Fleishman explained that two prior meetings in October were flooded with multiple Zoombombers, or Zoom raiders, who aimed to disrupt both hearings with racist and inflammatory comments. 

Although the remarks were unheard by in-person attendees, including City Council members, they were audible to those who accessed the meetings via Zoom, before staff ejected the Zoombombers.

“The comments that did make it through on Zoom last time were pretty inflammatory,” Fleishman said at the City Council’s Oct. 23 meeting, referring to the Zoombombing incident at the Oct. 9 meeting. “They were pretty awful. I did get a chance to listen to a couple of them.”

At the Oct. 23 meeting, the City Council directed staff to draft a policy on removing Zoombombers more seamlessly. Fleishman said that meeting was also plagued by Zoombombing during the public comment period for an item on Hans Christian Andersen Park improvements.

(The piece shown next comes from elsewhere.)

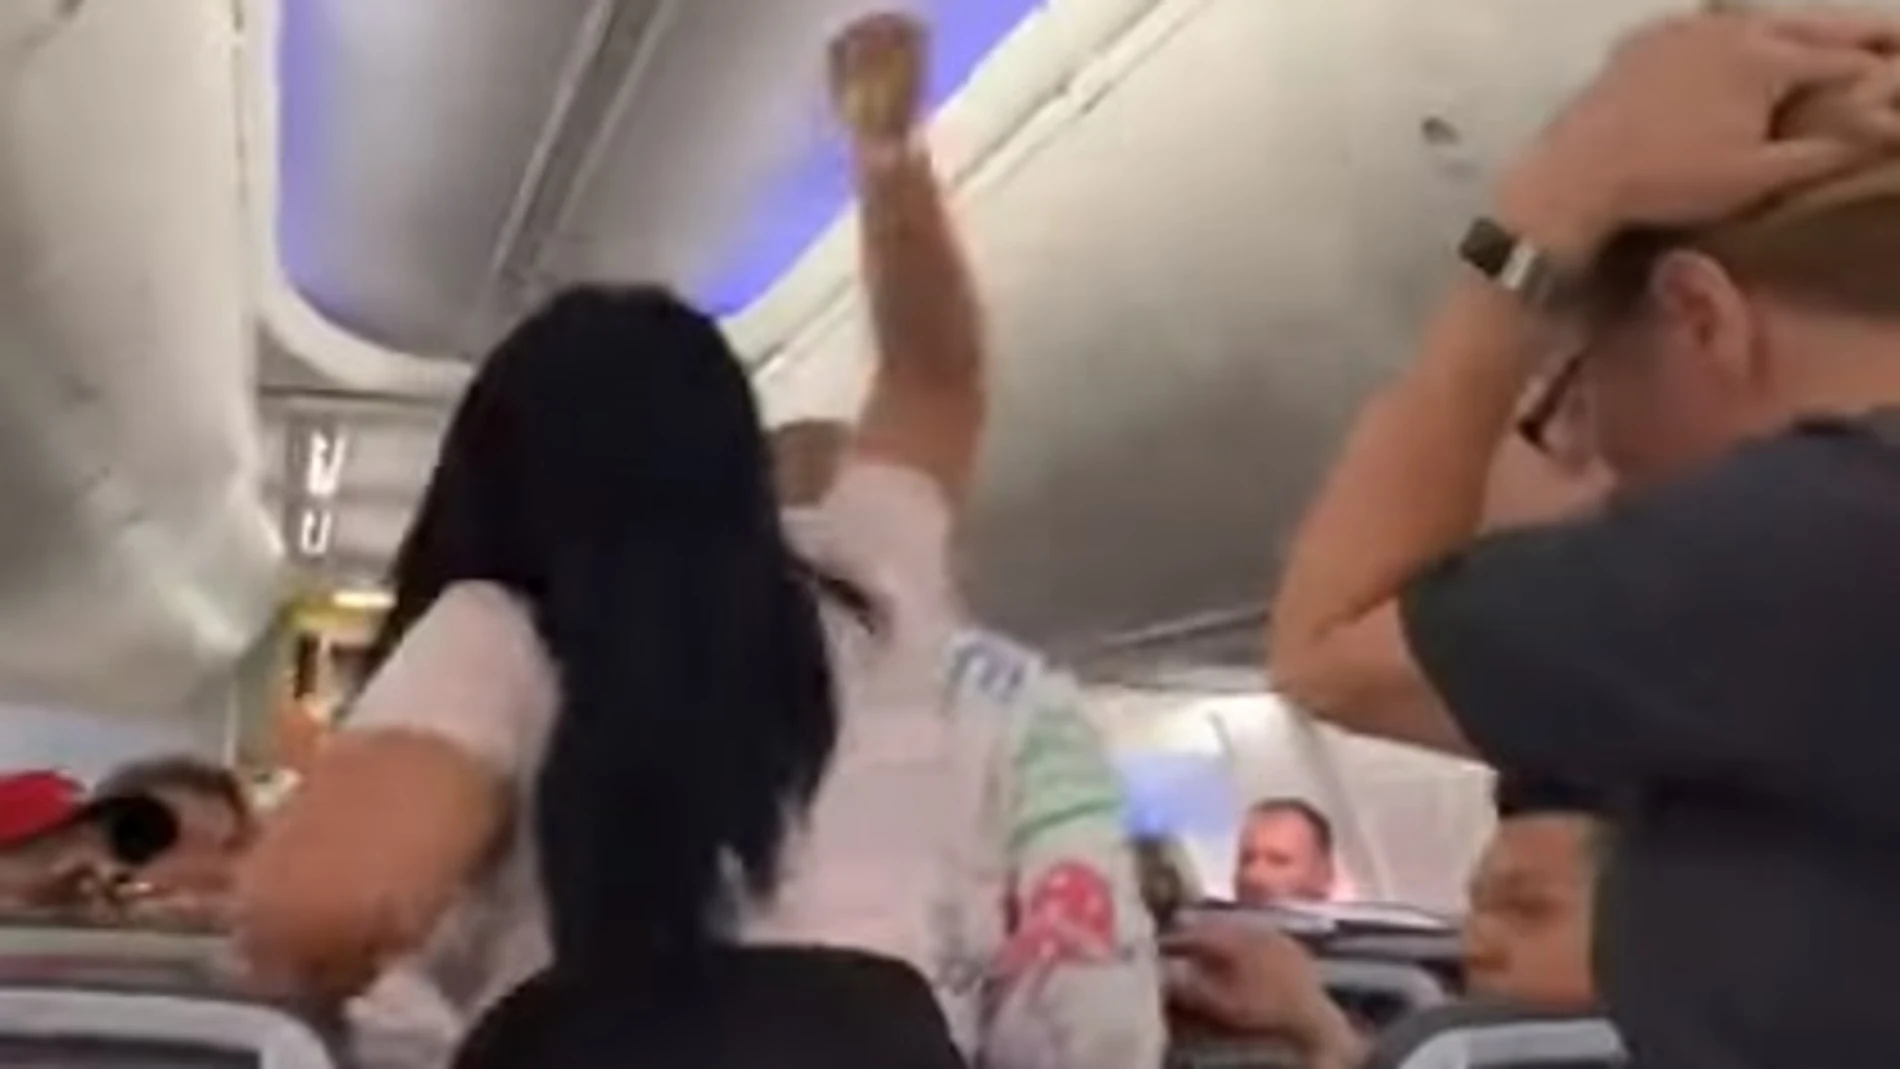 Una mujer agrede a su pareja en un avión tras una discusión

“It’s very difficult because we don’t know in advance, other than by the screen names that we see on the screen, whether or not someone is going to have a legitimate public comment until they start speaking,” Fleishman said at the Nov. 13 meeting, when staff returned with a Zoom policy proposal. “With some of them, we’ve had some advance warning just based on their names.”

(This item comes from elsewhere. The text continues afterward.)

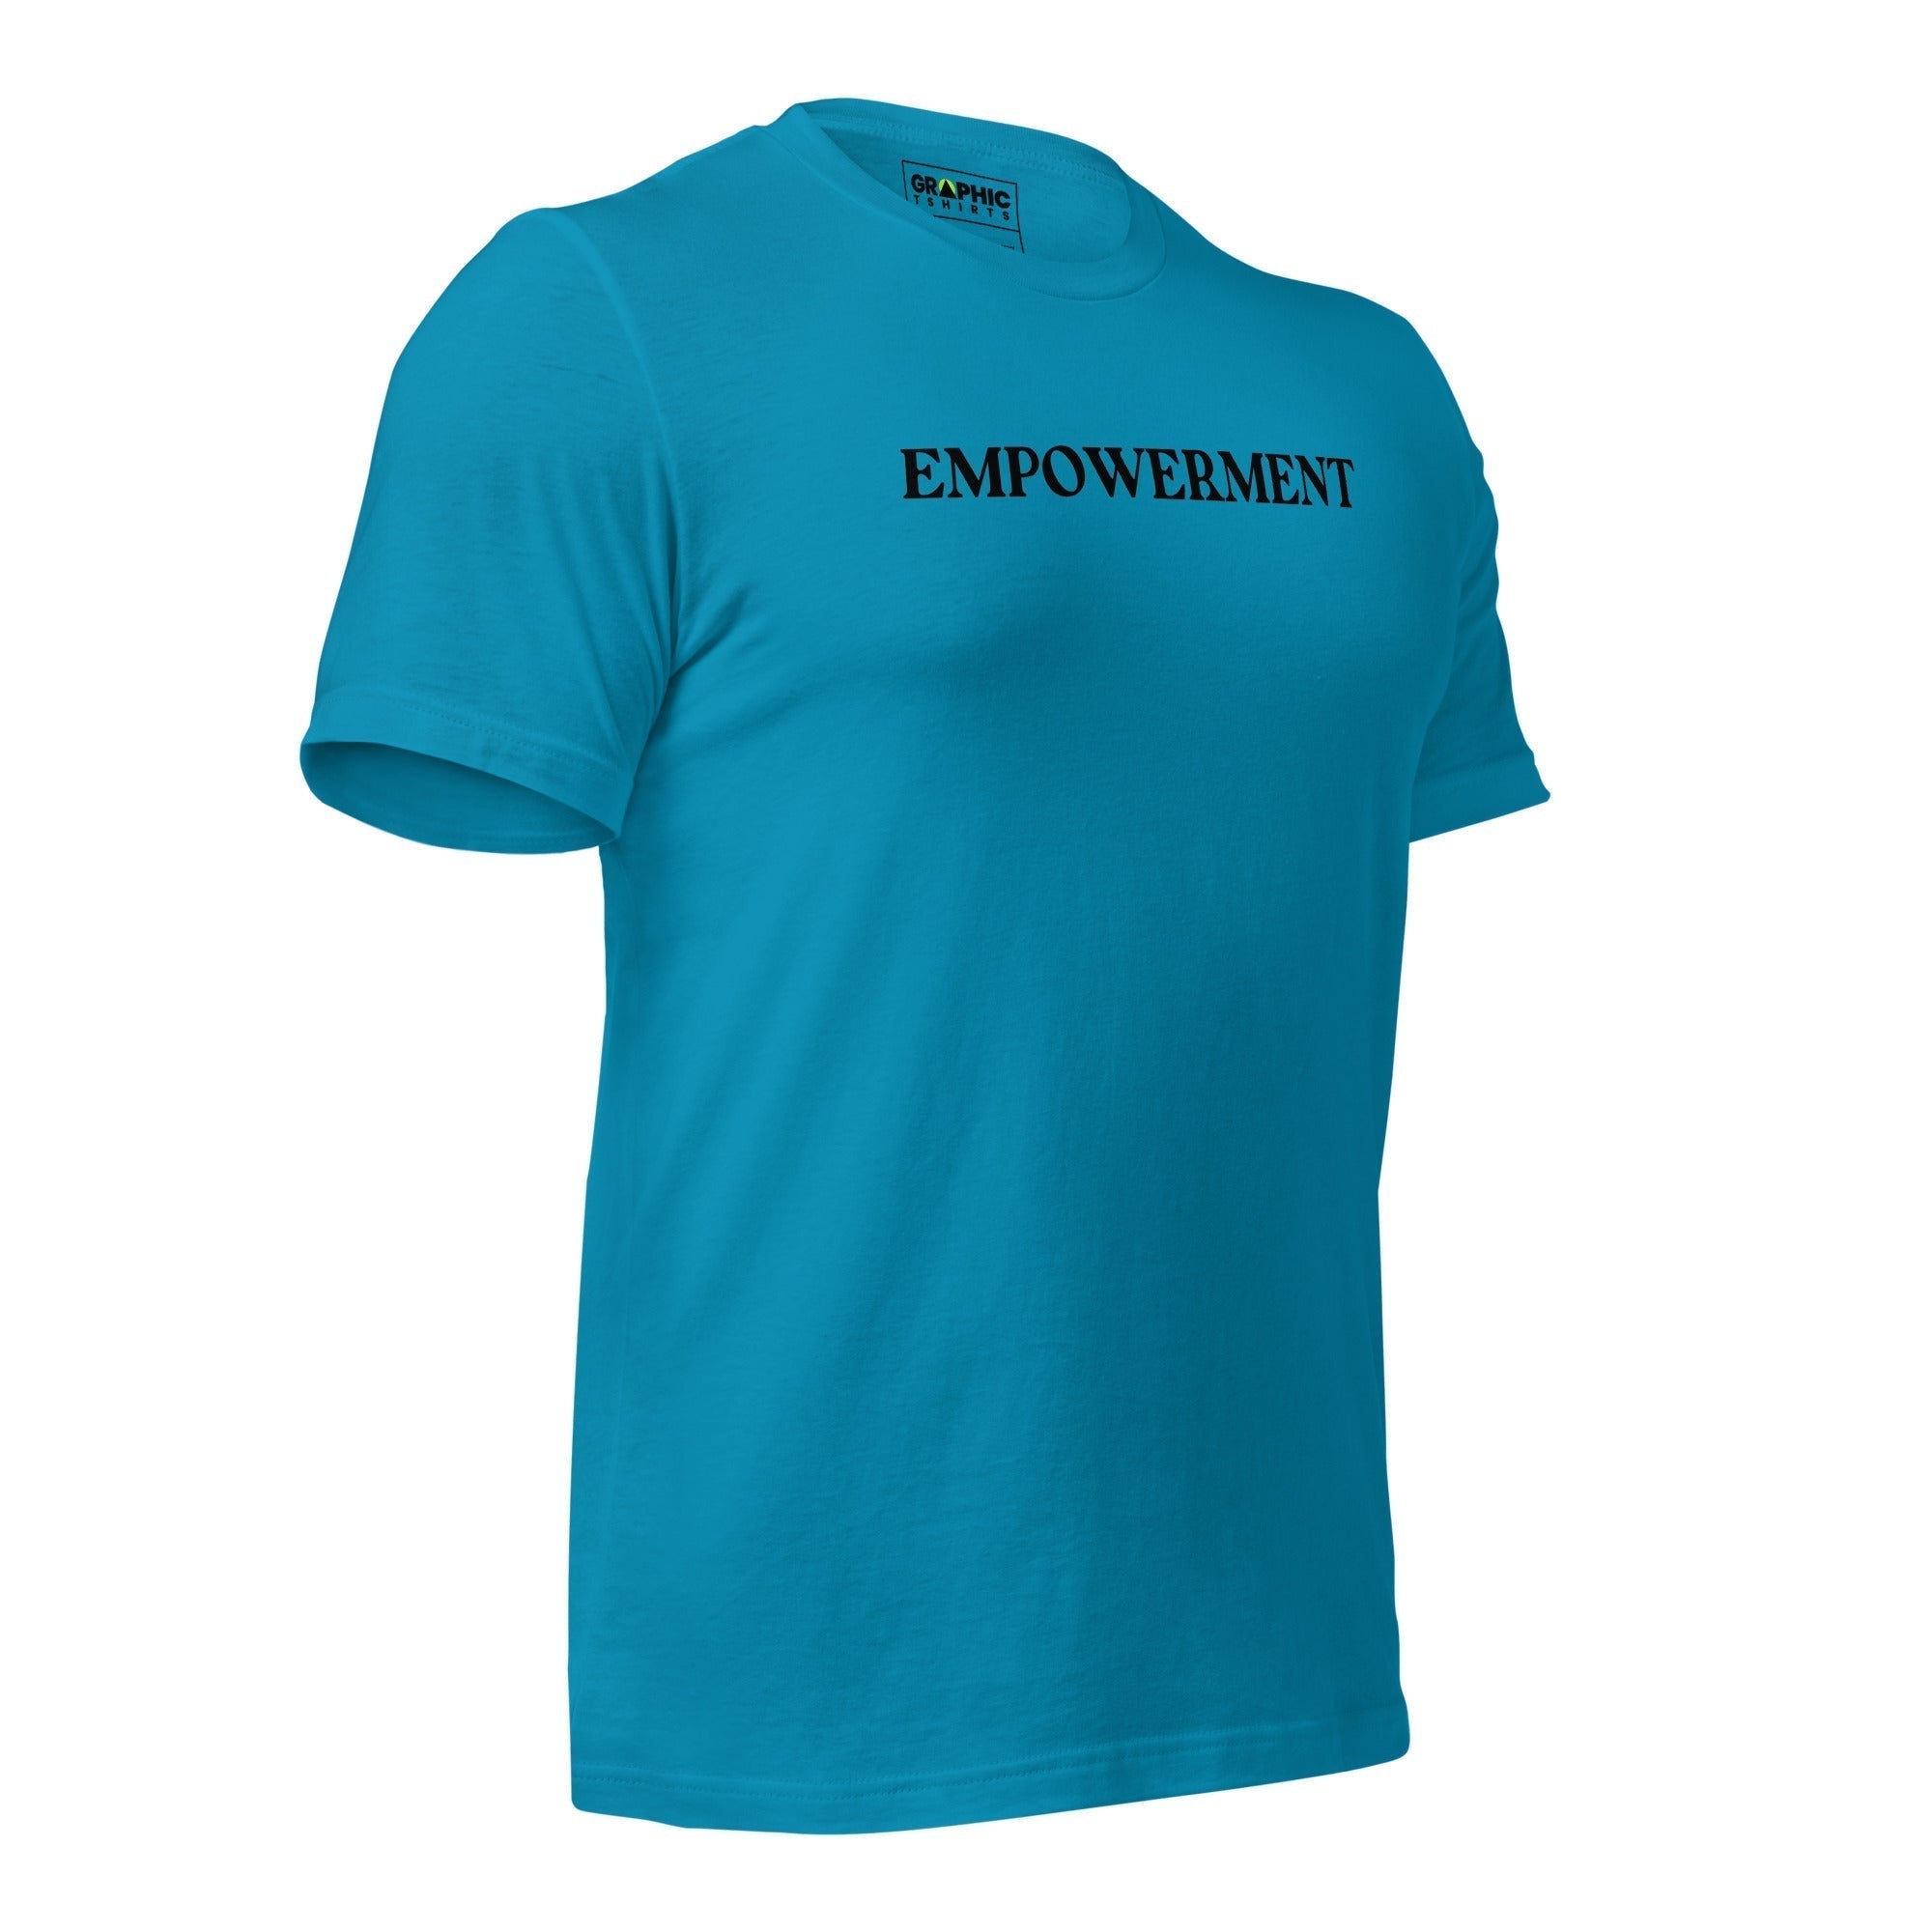 Unisex Staple T-Shirt - Empowerment - GRAPHIC T-SHIRTS

One of the pseudonyms used was “Henry Himmler,” which tipped off staff that the user was “probably not someone who’s going to be making a comment about housing or pickleball courts,” Fleishman said.

“But we can’t always pre-suppose that,” added Fleishman, who described the proposed Zoom policy as setting up “guardrails” the council can use to cut off Zoombombers quickly, without deviating from First Amendment protections.

The proposal outlines a procedure for the mayor to follow in the event of a suspected Zoombombing, which includes automatically muting the suspect and issuing a verbal warning to stop using disruptive or derogatory language and allowing them one more chance to speak before being ejected if they don’t comply.

“There’s one step where the mayor would warn a ‘bomber’ before their exit, and I just don’t necessarily feel that that’s needed,” Councilmember Elizabeth Orona said after Fleishman’s brief presentation on the policy. “You guys have already shown us how quickly you can do it. I’m not sure we need that extra step.”

Councilmember Claudia Orona agreed and said including the policy in the instructions for the public to join meetings via Zoom is cautionary enough.

“They break them, they’re done. No warning,” Claudia Orona said.

“I think from a constitutional standpoint and a defensibility standpoint, that’s the reason we put in the warning,” Fleishman said. “If they’re not warned or don’t have an opportunity to cure whatever it is they’re doing, then it makes it look like we are making advance determinations of what their speech is going to be about. It’s prior restraint.”

Councilmember David Brown motioned to adopt the policy without revisions, which Elizabeth Orona seconded and was unanimously adopted.

“It’s kind of a tightrope at times, but we’re trying to provide the Council with the tools to stop the ones who are clearly outside the pale,” Fleishman said. “We want to make sure that we are consistent with the First Amendment by allowing people who do have legitimate issues, even if we may not agree with them, to speak and provide that comment to the council.”